● **THE PROBLEM**
Print exactly what appears from the line containing "Başkan Erdoğan, CHP'ye Çok Sert Yüklendi" through the final line of the data below, pictures excluded.

● **DATA EXCERPT**
^^^^
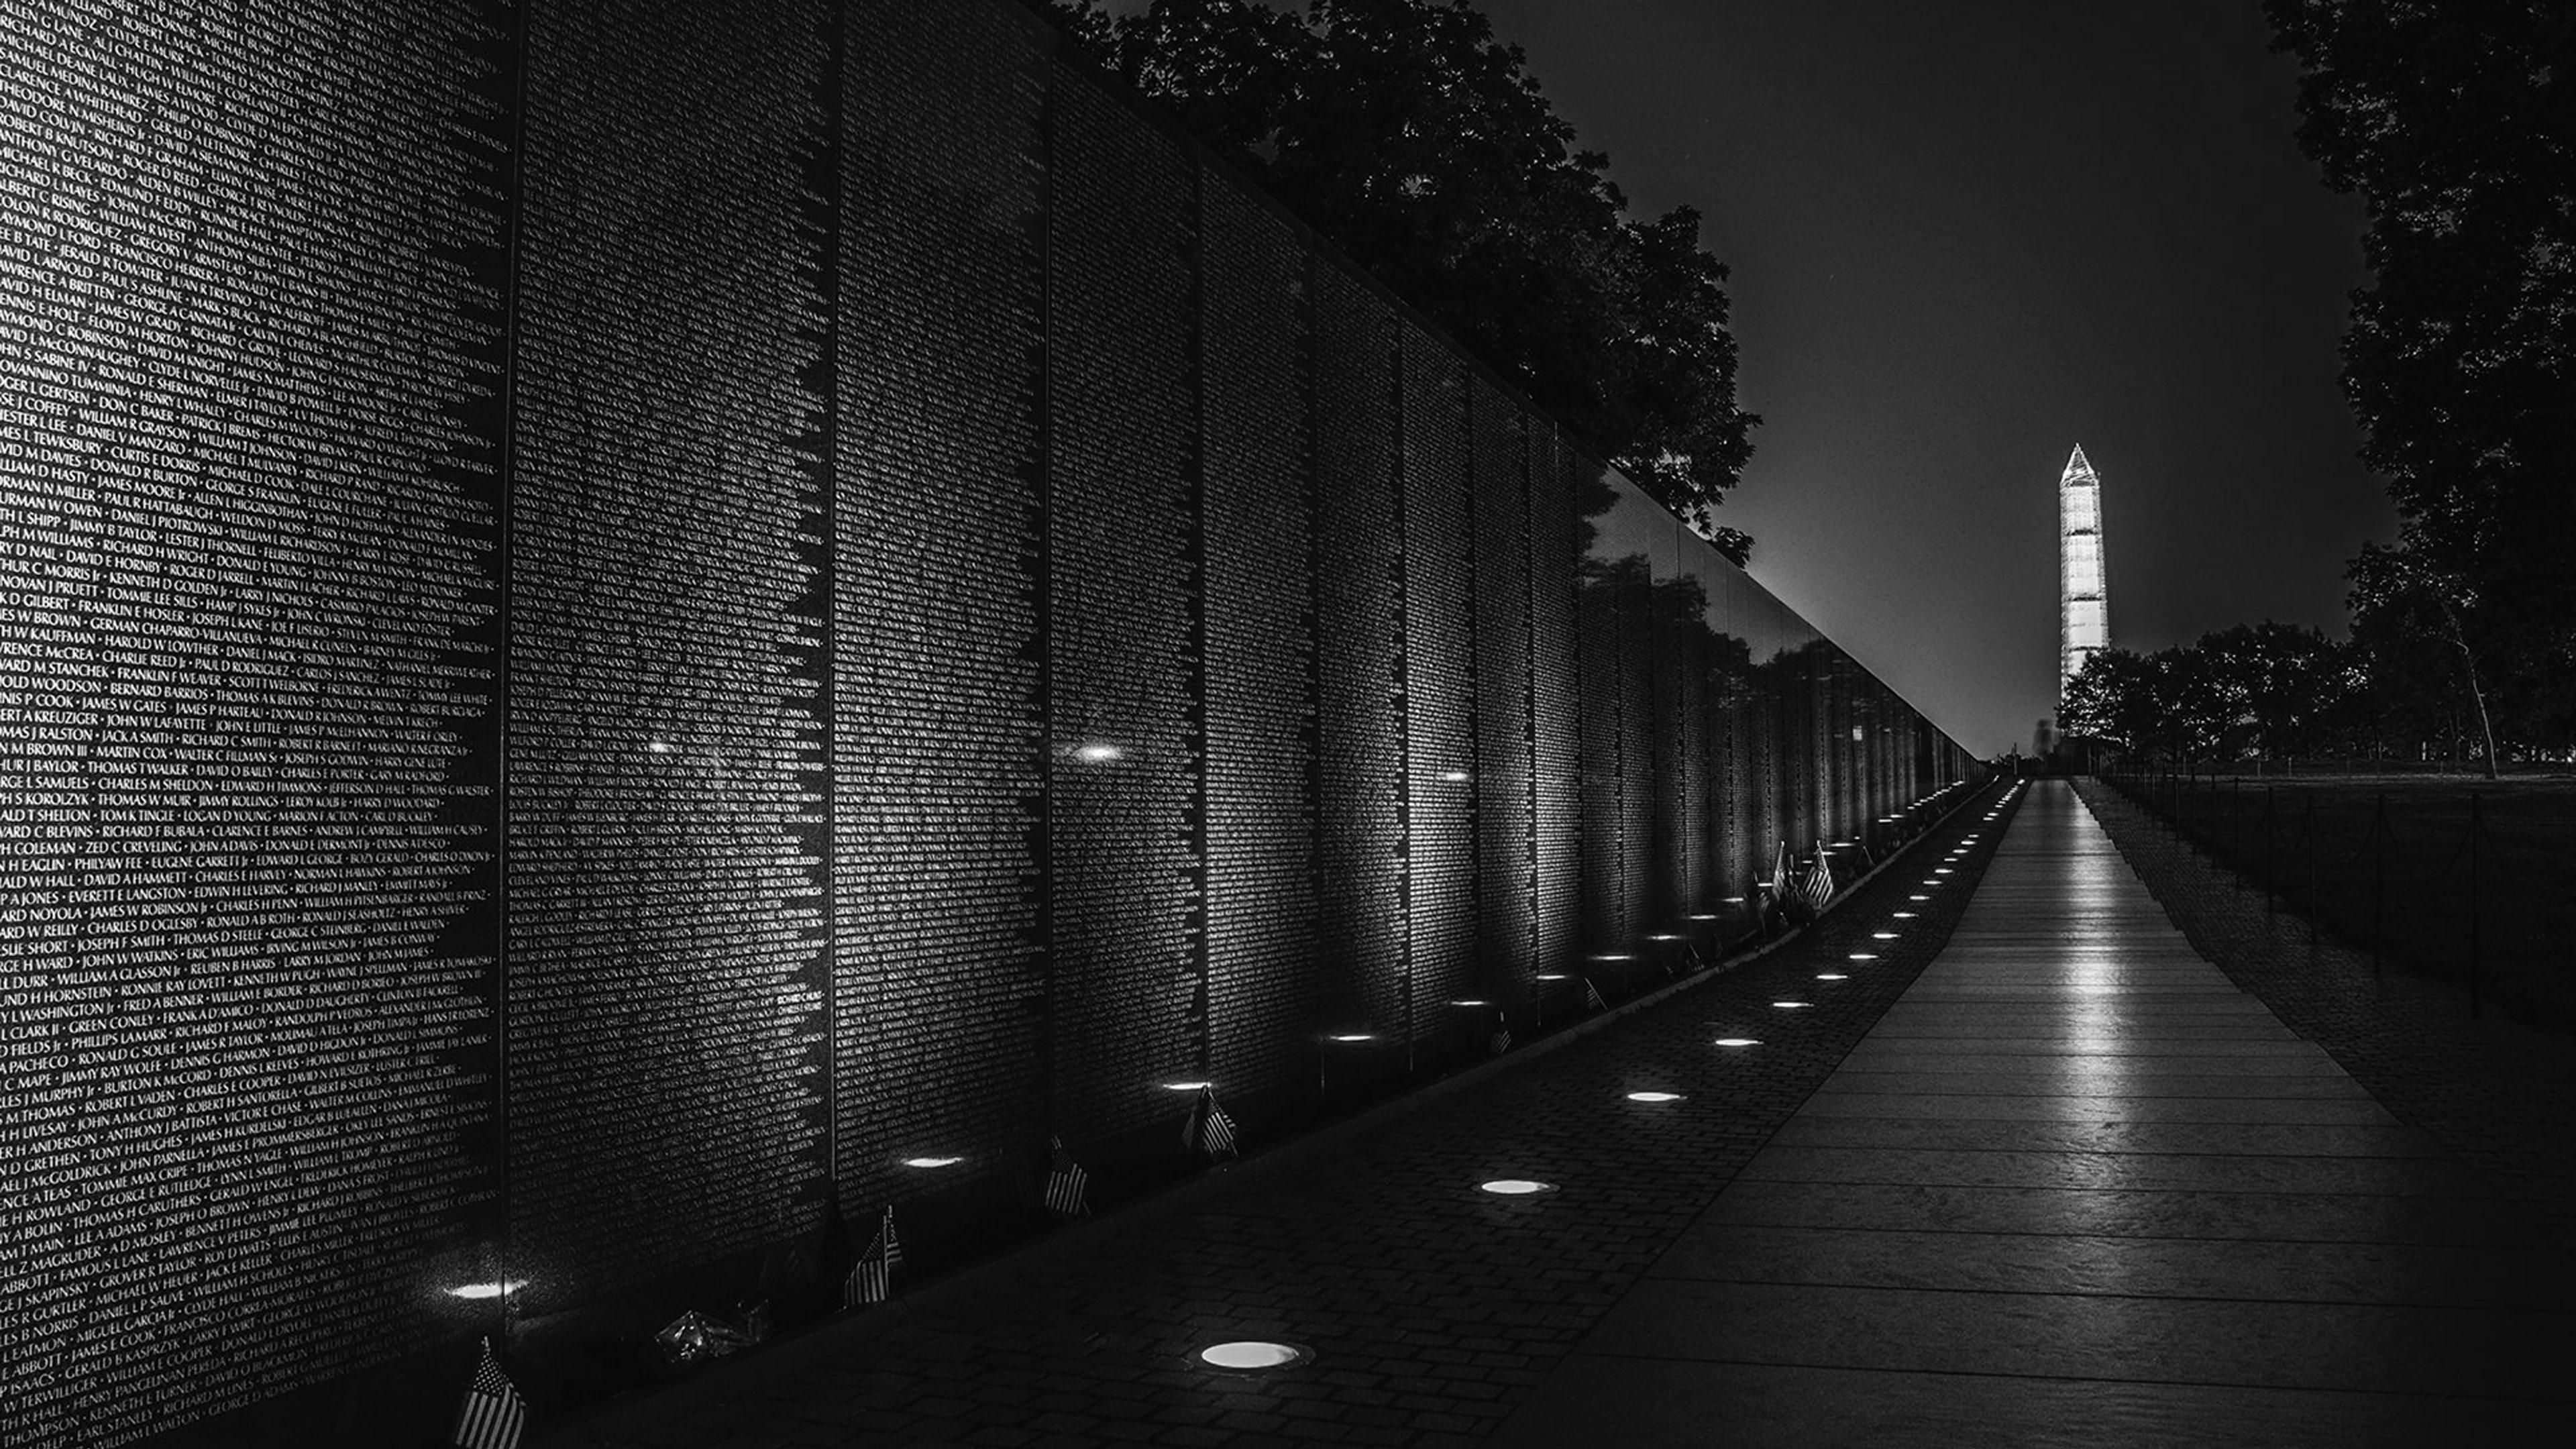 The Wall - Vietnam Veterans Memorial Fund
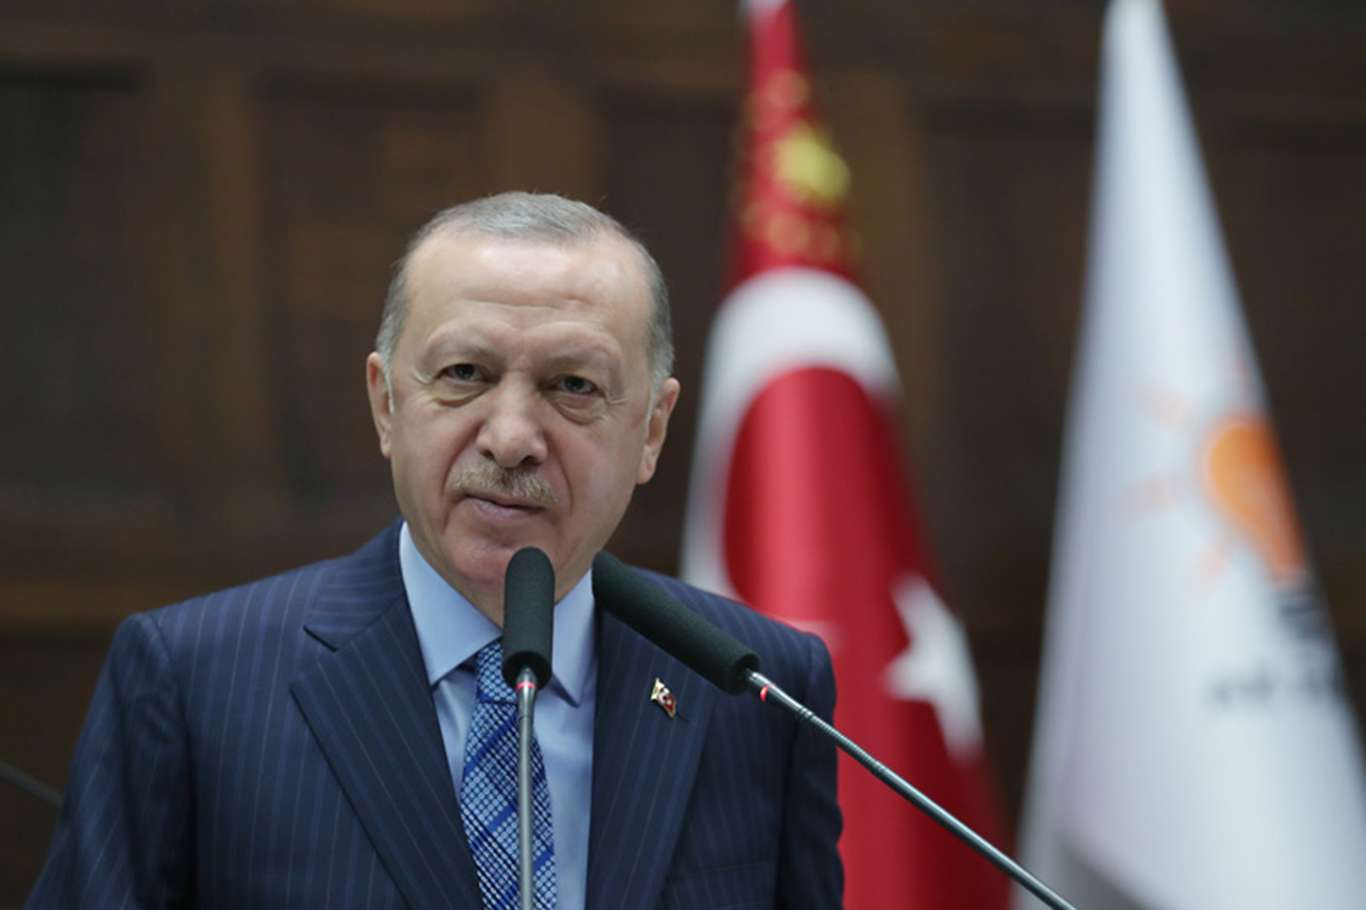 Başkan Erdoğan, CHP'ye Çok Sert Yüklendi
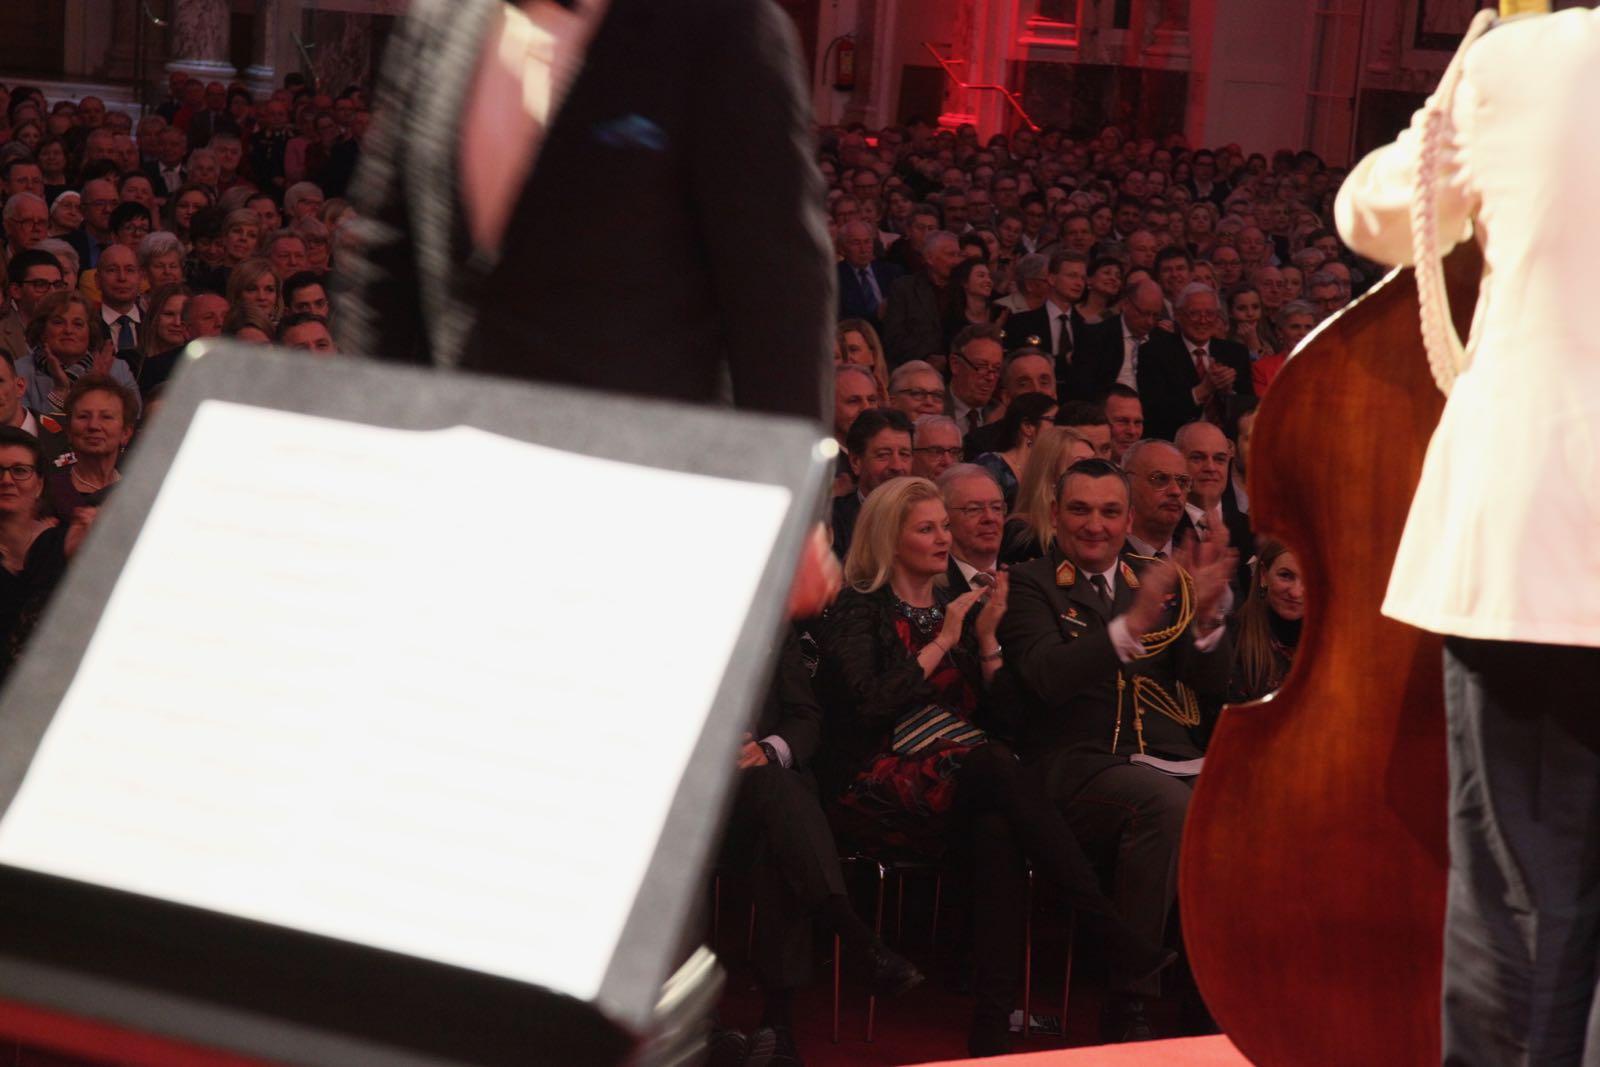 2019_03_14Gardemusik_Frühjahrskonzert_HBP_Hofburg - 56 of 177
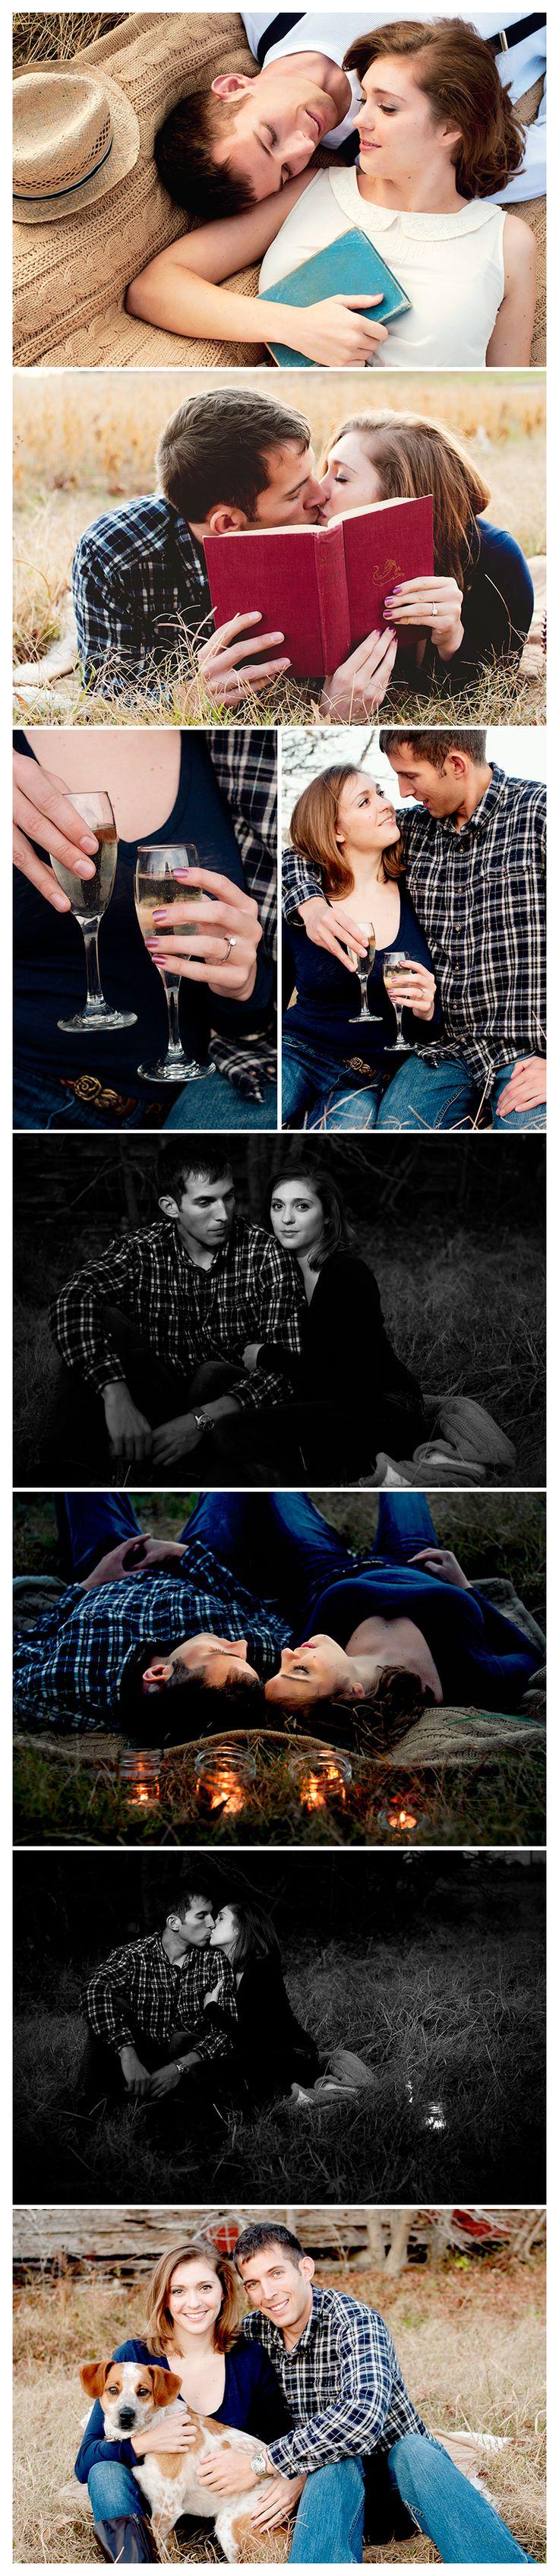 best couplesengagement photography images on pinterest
^^^^
● **EXPECTED OUTPUT**
 Başkan Erdoğan, CHP'ye Çok Sert Yüklendi
 2019_03_14Gardemusik_Frühjahrskonzert_HBP_Hofburg - 56 of 177
 best couplesengagement photography images on pinterest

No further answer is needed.